In terms of deployments, Canada had a 650 member battlegroup stationed as a deterrent to Russian aggression in Latvia, and a Parliament-authorized contingent in Iraq and the Middle East with a strength of up to 850 personnel. Ditto 2021.

One of the major headaches plaguing the senior military leadership was that of dealing with sexual misconduct in late 2020.

On Oct. 28 of that year, Gen. Jonathan Vance had announced a plan called The Path Towards Dignity and Respect. This was to be a long term plan to refocus the 2015 Operation Honour – the CAF’s campaign against sexual misconduct in the ranks – on changing the underlying culture of misconduct and setting up the program to be a permanent fixture of DND.

Now readers need to remember that Op Honour was implemented after a damaging series of media reports in 2013/2014 revealed widespread sexual misconduct throughout the CAF.

This led to an independent review by former Supreme Court Justice Marie Deschamps which confirmed everyone’s worst fears and detailed what she called a military steeped in a highly masculine, sexualized culture where leaders turn a blind eye to misconduct.

Unfortunately for all involved, the Path Towards Dignity and Respect turned out to be laden with landmines that devastated the military senior command tasked with navigating it.

The first to fall was outgoing Chief of Defence Staff, Gen. Vance, when Global News reported on February 2, 2021 that he had allegedly committed two acts of sexual misconduct.

After a months long military police investigation, Vance has been charged with a single count of obstruction and is scheduled to appear in court in March 2023.

The Vance story set in motion a flurry of allegations against top Admirals and Generals including Vance’s successor as CDS, Admiral Art McDonald.

At time of writing, no fewer than nine senior General Officers or Flag officers were suspended or ‘retired’ from their posts pending investigations or court cases.

On the surface it would seem that the Canadian military is closing out 2021 just as embattled on the sexual misconduct front as they were in 2020.

However, as an eternal optimist, I have to believe that as we move forward into the new year, the changes put in place in recent months will allow our military to actually make real headway in effecting cultural change.

Up until now it has seemed like that running Peanuts comic gag where Lucy promises to hold the football while Charlie Brown kicks it.

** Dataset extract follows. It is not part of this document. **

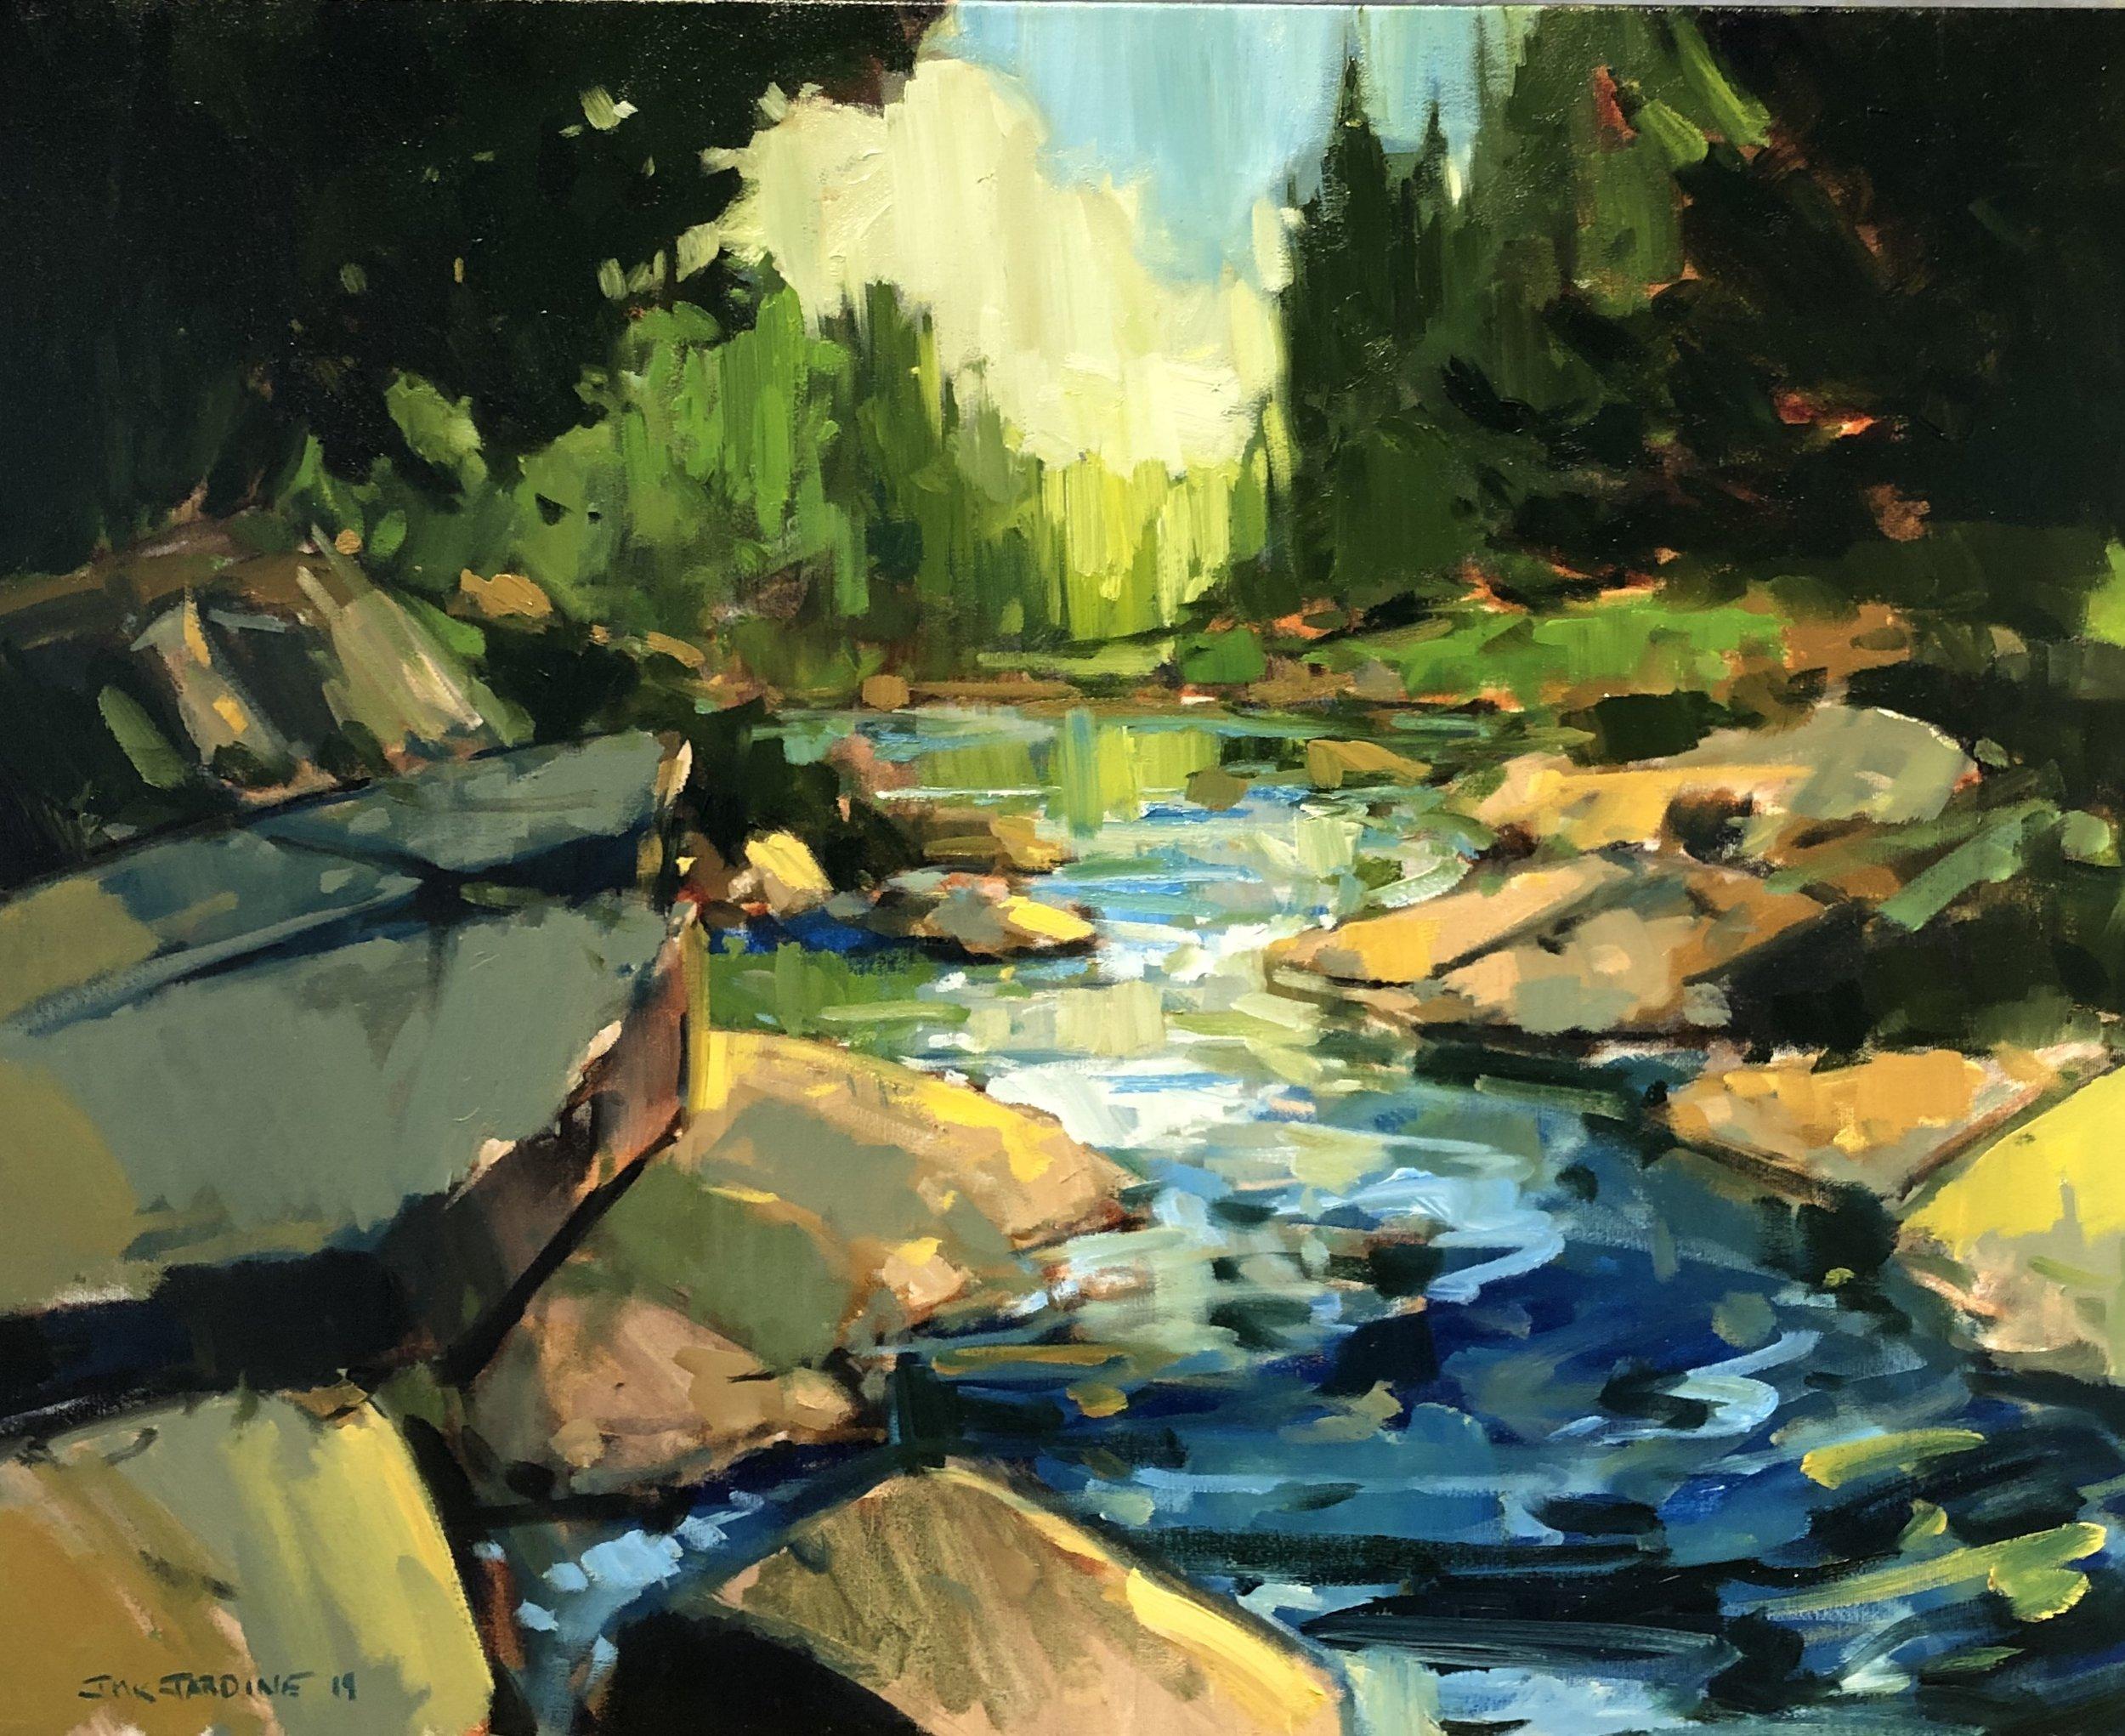 Alon g the Magnetawan River by Jamie Jardine

Invariably Charlie Brown mistakenly puts his faith in Lucy, promises he is going to kick that ball “to the moon” and every time Lucy reverts to character, swipes the ball away and Charlie Brown ends up flat on his back. 

Long time observers of the Canadian military will recall that the first major sexual misconduct revelations came to light in 1998 when Macleans magazine ran an unprecedented four consecutive cover stories on the topic. Public outrage sparked the creation of the office of the Canadian Forces Ombudsman.

However that post was proven to be incapable of changing the culture when Macleans revisited the subject in their 2013 reports.

Then it was the Deschamps’ report, followed by Op Honour, refocused as Paths towards Dignity and Respect and then, as a result of the current crisis, yet another independent review by former Supreme Court Justice Louise Arbour.

That is a lot of announced solutions without success to make one sceptical that this time around things will be different.

However, there has also been a major changing of the guard at virtually every top job in the military environment.

We now have a female Minister of National Defence, Deputy Minister, Vice Chief of Defence Staff and Lt-Gen Jennie Carignan assigned to a new position designed to focus on reforming the military culture.

In recent media interviews, Carignan has predicted it will take up to five years to obtain the desired results.

Given the team in place, I think this time there will indeed be contact with that ‘football’.

They might not kick it “to the moon” but they will boot it downfield. I hope.